Originally the house had one large double door and one large multipaned window facing Main Street. The tailor could sit on a platform in the window, using the available light for his sewing. On the second floor were two small "six over six" windows next to where the present larger windows are. On the back of the house were two small windows above and two small windows below, the same as now. On the gable end of the second floor is a door which was reached by a stair along the side of the building. The present inside stairway was added much later. The exposed ceiling beams with bead decoration carved along the lower edges are the originals, as is the tongue-in-groove upstairs floor. The building was apparently at one time painted red, judging from its name. This was confirmed during its most recent restoration when a piece of original yellow poplar siding was found, painted red.
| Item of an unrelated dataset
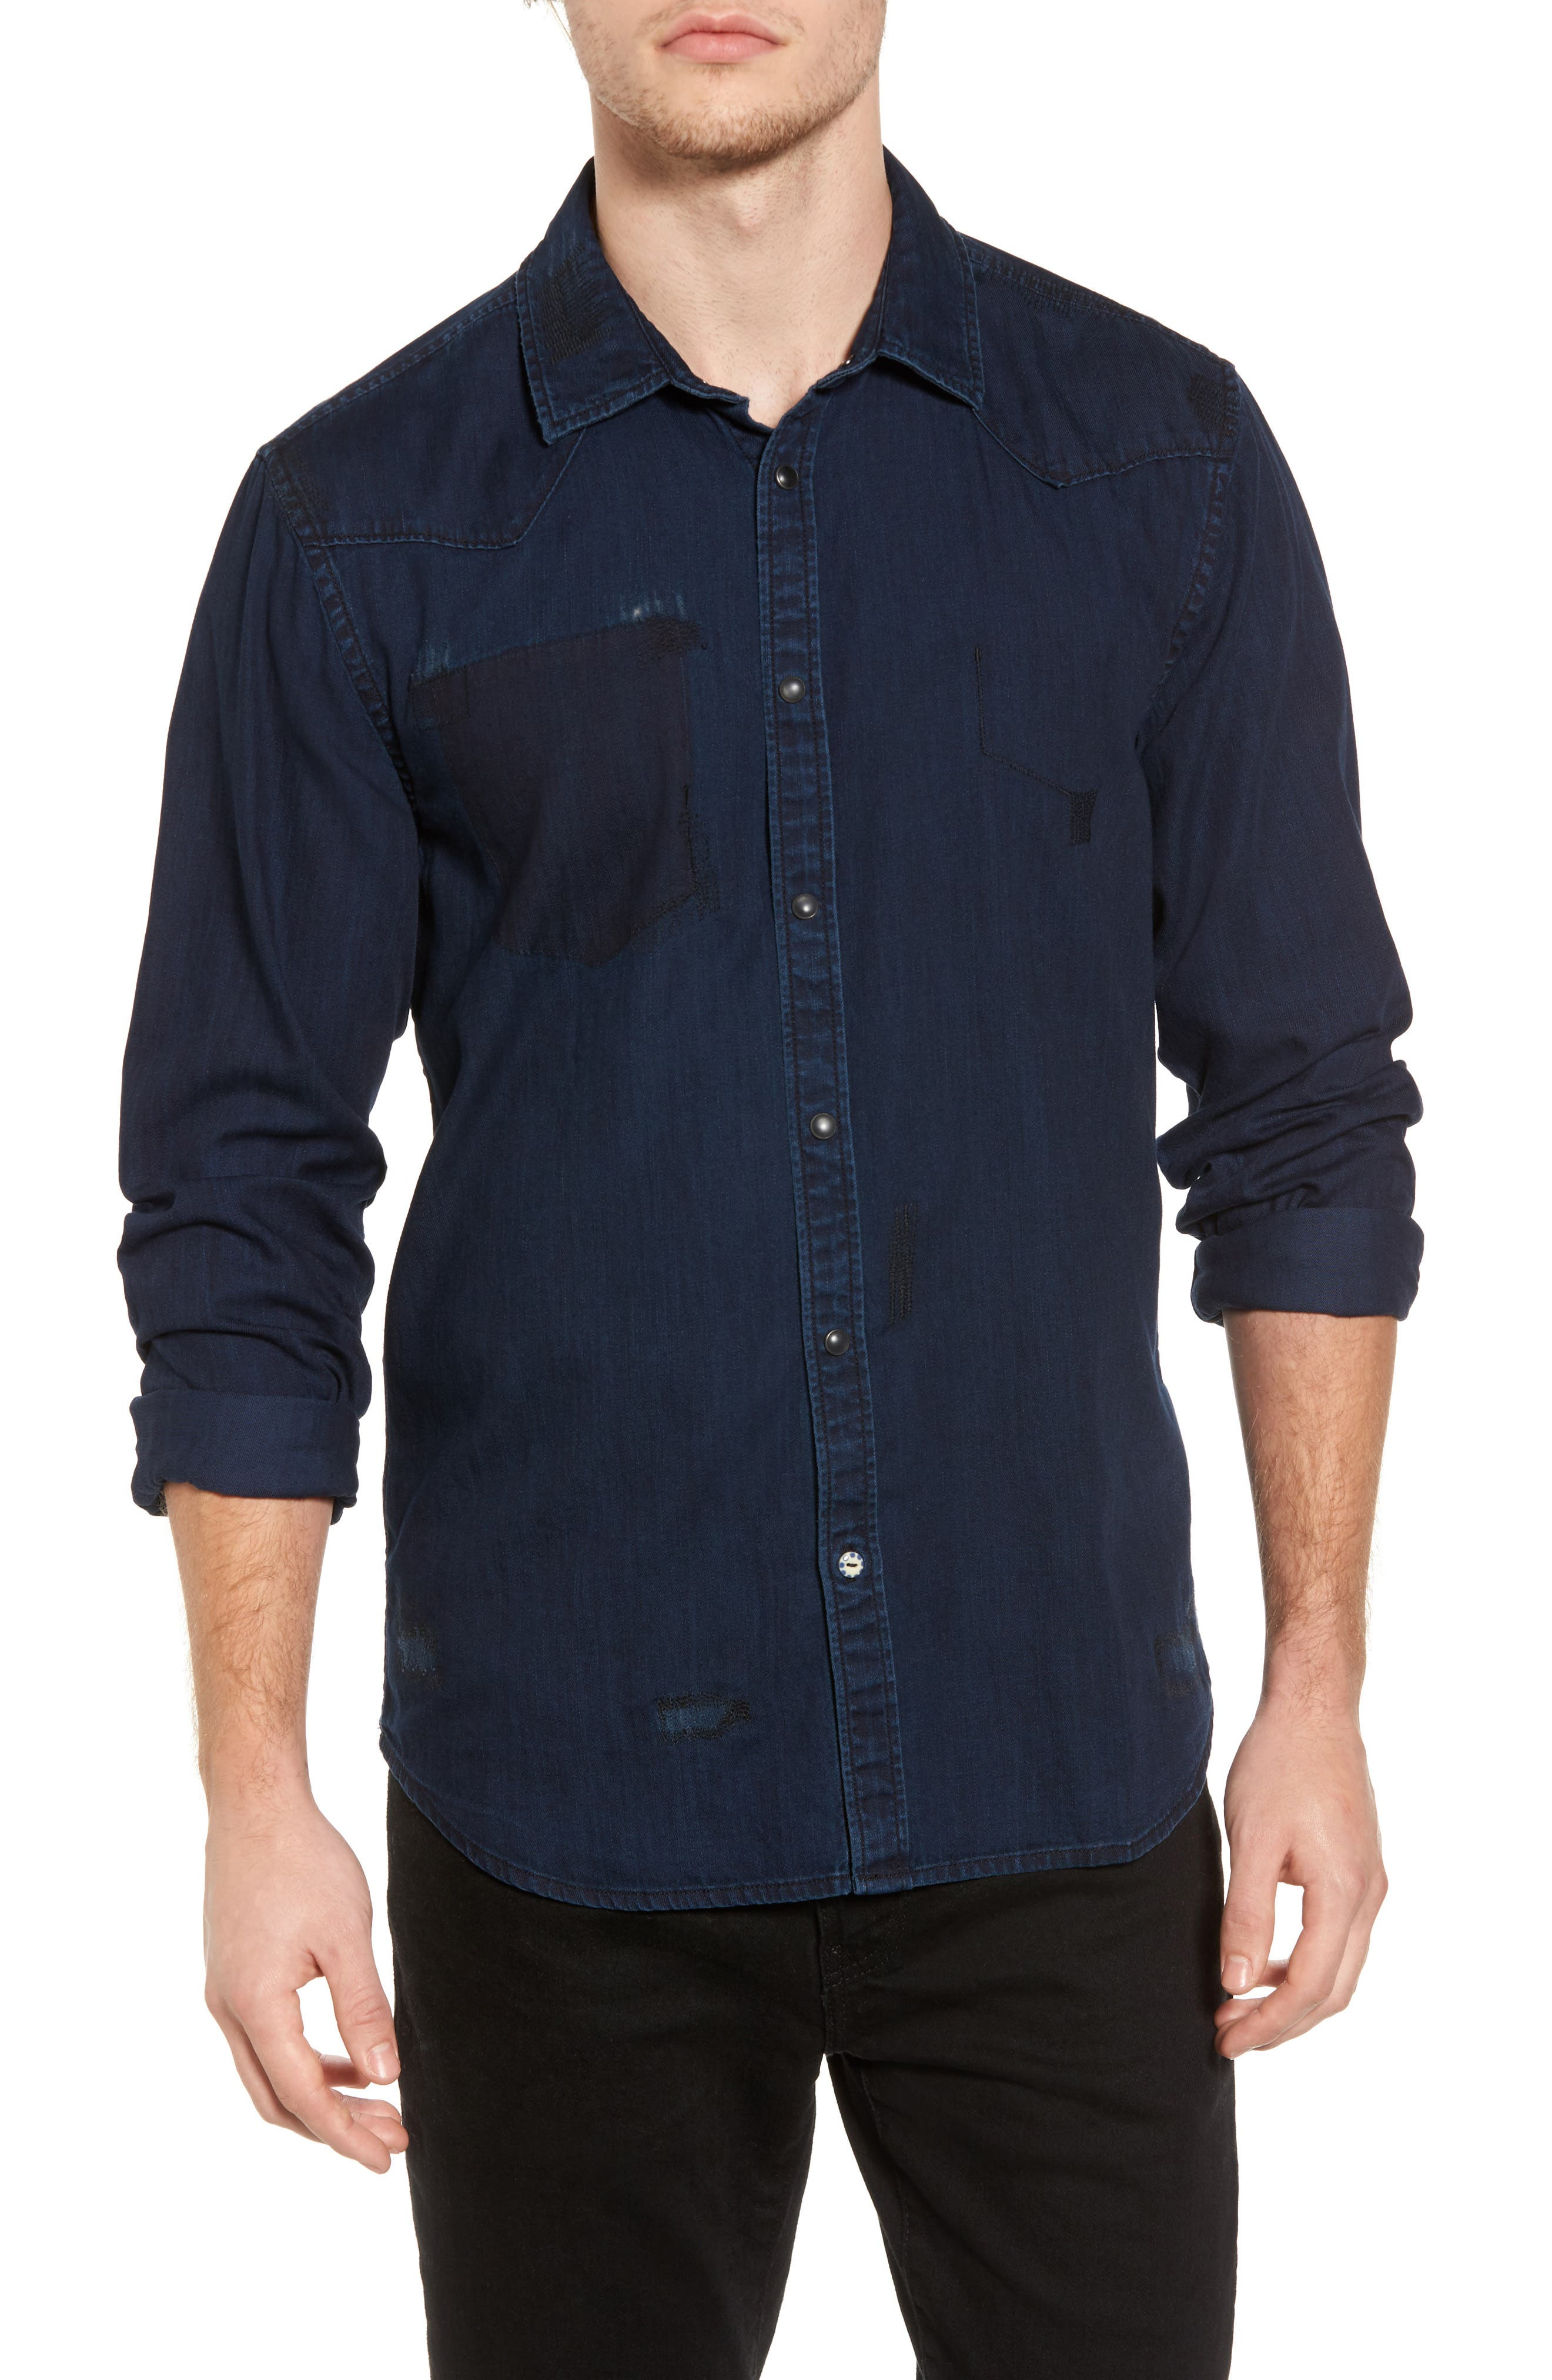 Pocketless Western Denim Shirt,                             Main thumbnail 1, color,

In 1806 the building was sold to Thomas Jones, a rich fur trader who owned rental properties both in Vincennes and Cincinnati. Jones made his fortune selling trade goods and watered-down whiskey to Indians along the Wabash River, although sometimes a customer would complain about his drink: "Ugh, Tom, too muchee Wabash!" Jones lived in Vincennes with an Indian woman named Mary, daughter of Chief Fusee, and her two children, Nancy and Charlotte. In 1816 Jones was sued in Knox County court by an Indian chief named Ma-son-pe-con-gah, or the Owl, for ownership of a "Mulatto girl named Polly and a cross-cut saw." Since Polly was a common nickname for Mary, this may be the same woman. The case was not settled for forty years, by which time Jones and the Owl were dead and Polly and the cross-cut saw were long gone.
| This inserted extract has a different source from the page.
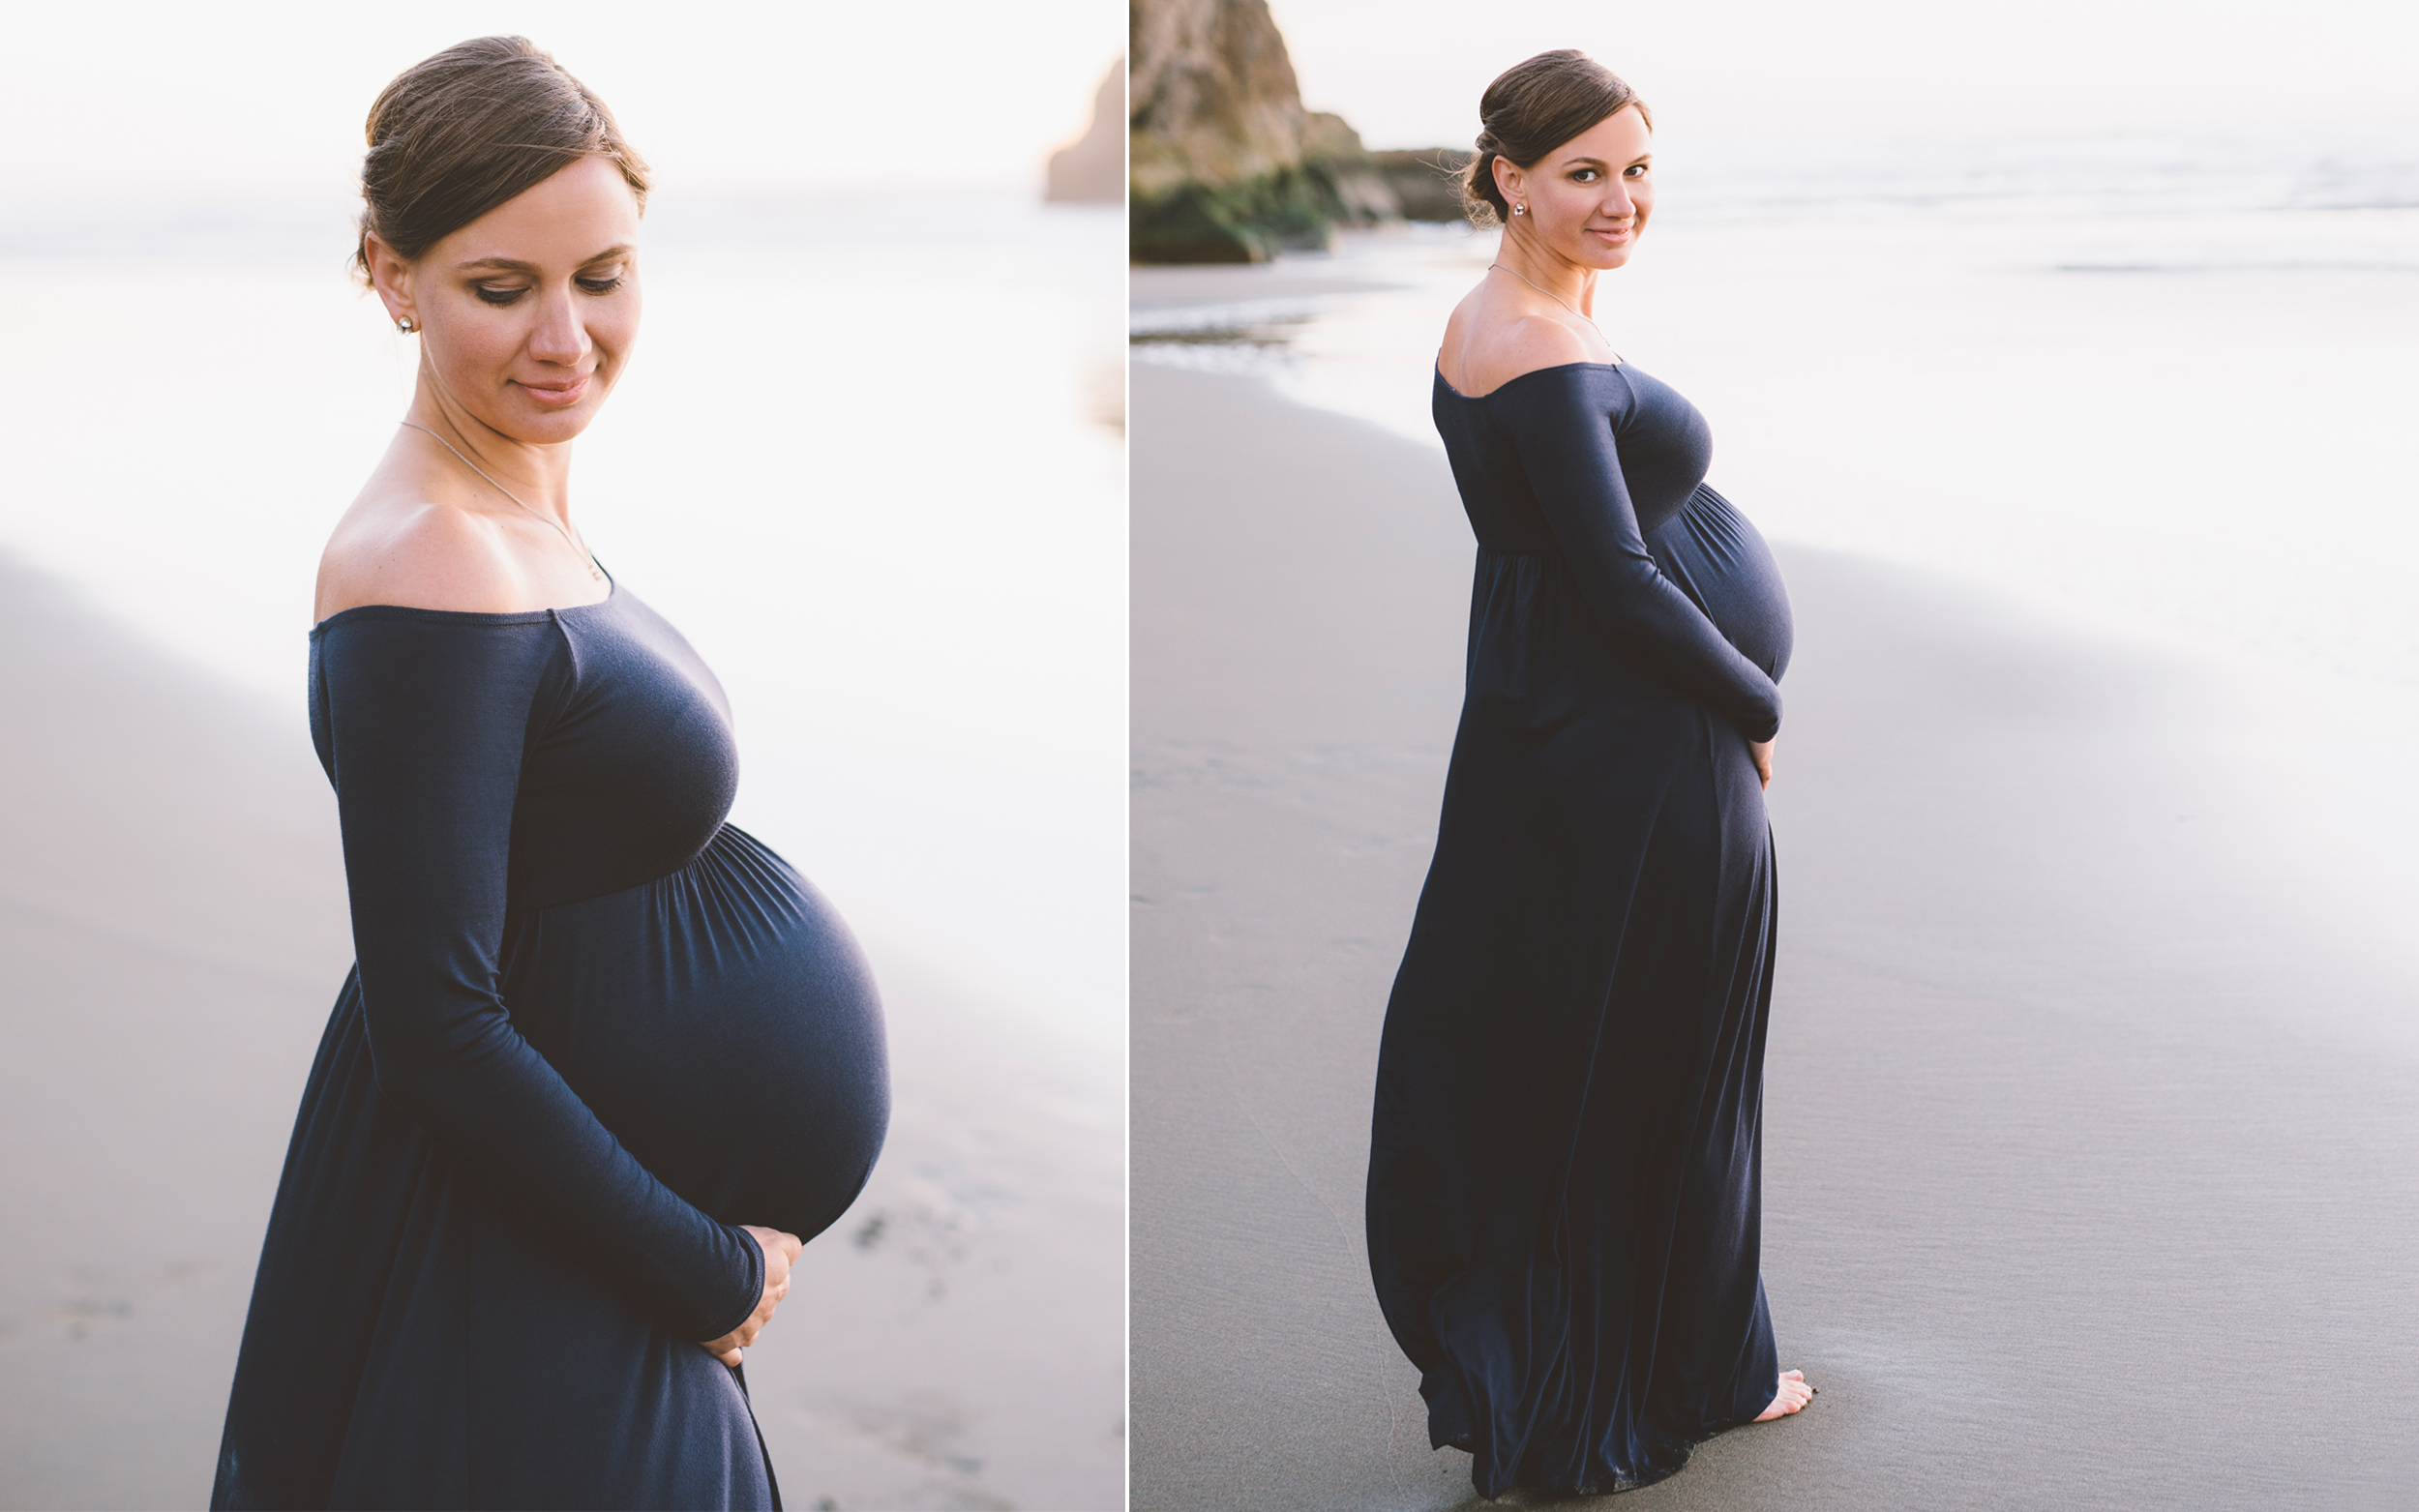 lands-end-beach-maternity-session.jpg

Jones apparently rented the "red house" to Parmenas Beckes, who owned the tavern, "At the Sign of Thomas Jefferson," directly across the street from it. Beckes's tavern was where out-of-town legislators stayed, popular for its drinks of whiskey and cherry bounce, "seegars," and games of five-card Loo and billiards. It was to Beckes that the legislature paid the rent for the "red house." Beckes was killed in a duel in 1813, and the "red house" passed through a number of owners. Over the years it was a store, a saddle-maker's shop, a tinsmith's shop, a tailor's shop, and a grocery.
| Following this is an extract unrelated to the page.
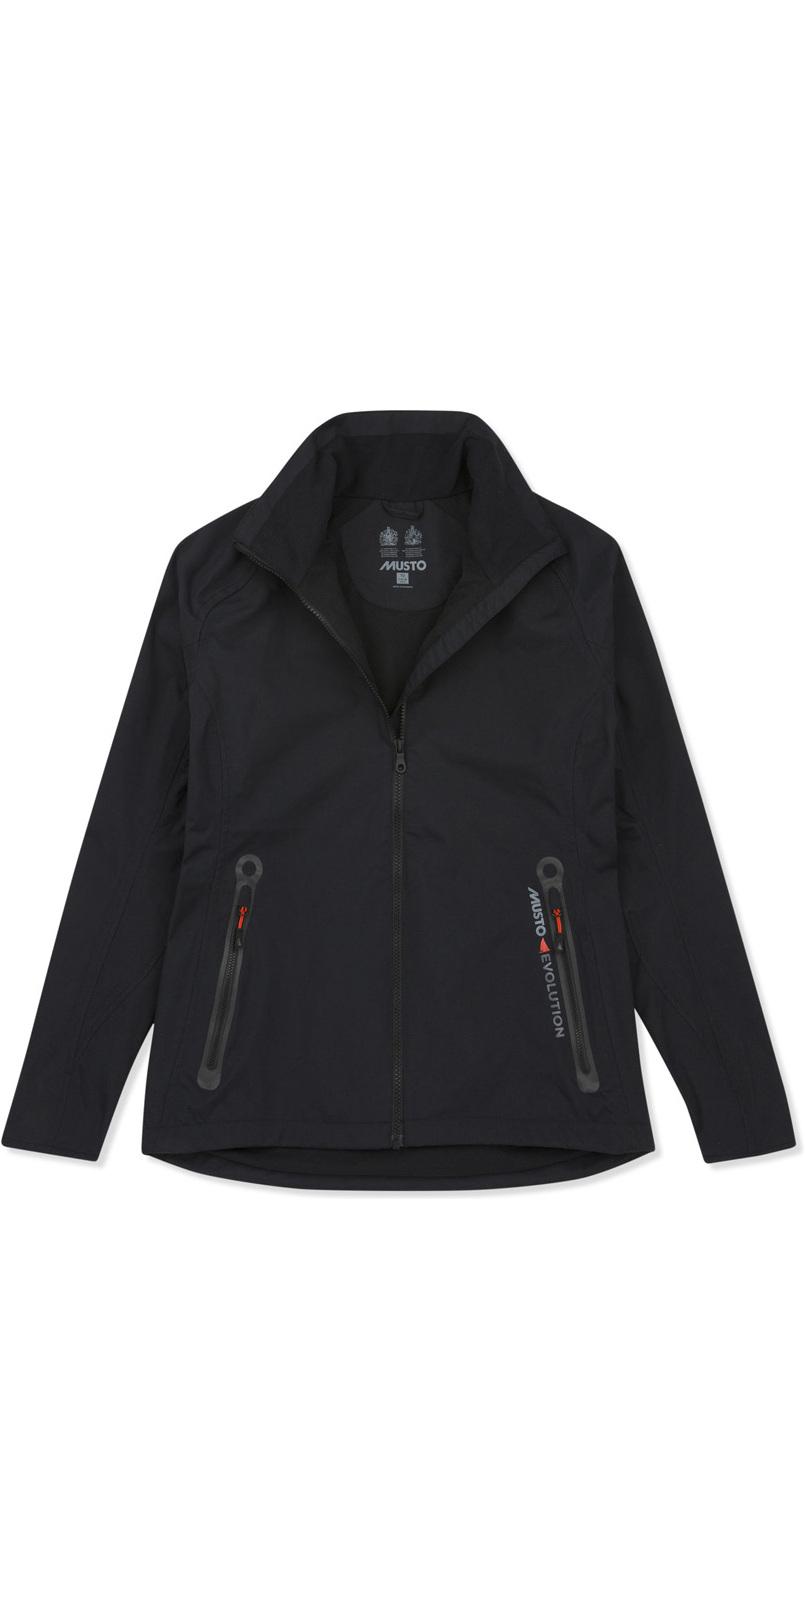 Musto Womens Essential Crew BR1 Jacket BLACK EWJK058 & Apexia Jacket TITANIUM Bundle Offer

In 1856 the building was moved nine blocks, from Main Street out to 917 North Third Street, near where the railroad had been built the year before, and made into a boarding house. It was probably at this time that all of the mud insulation was removed, to make the building lighter to move. Sometime after this, the present arrangement of windows and doors was made, an inside stairway replaced the outside one, and a shed roof added to the front, as can be seen in a photograph from 1887.
In 1919 the building was purchased by the Women's Fortnightly Club and moved to a location in Harrison Park, to be used as a museum. A few years before, Indiana had purchased the old State Capitol in Corydon, and this inspired the restoration of the Territorial Capitol. A major restoration was undertaken in 1933, under the direction of E.Y. Guernsey of Bedford, who had restored the Conner House and Spring Mill Park. In 1947, the Territorial Capitol was moved again, next to Governor Harrison's mansion. Two years later it was turned over to the state of Indiana, that now administers it as part of the State Museum and Historic Sites Division of the Indiana Department of Natural Resources.